Down to the last line, transcribe the records verbatim and exclude the images.

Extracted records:
################

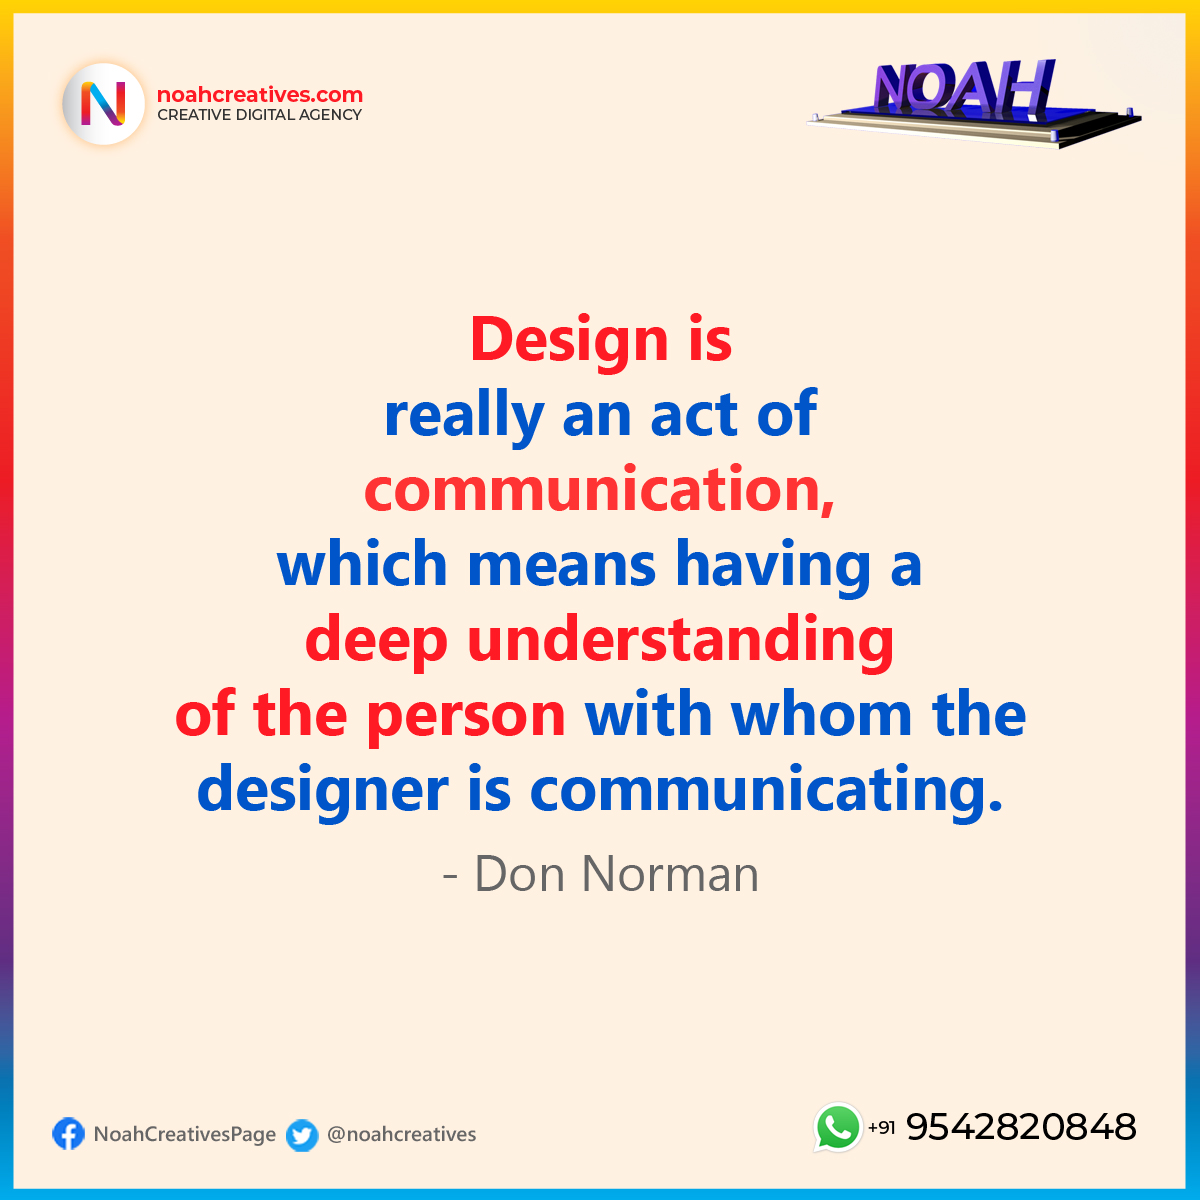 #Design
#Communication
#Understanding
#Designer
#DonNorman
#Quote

################

(Your response)
 #Design
#Communication
#Understanding
#Designer
#DonNorman
#Quote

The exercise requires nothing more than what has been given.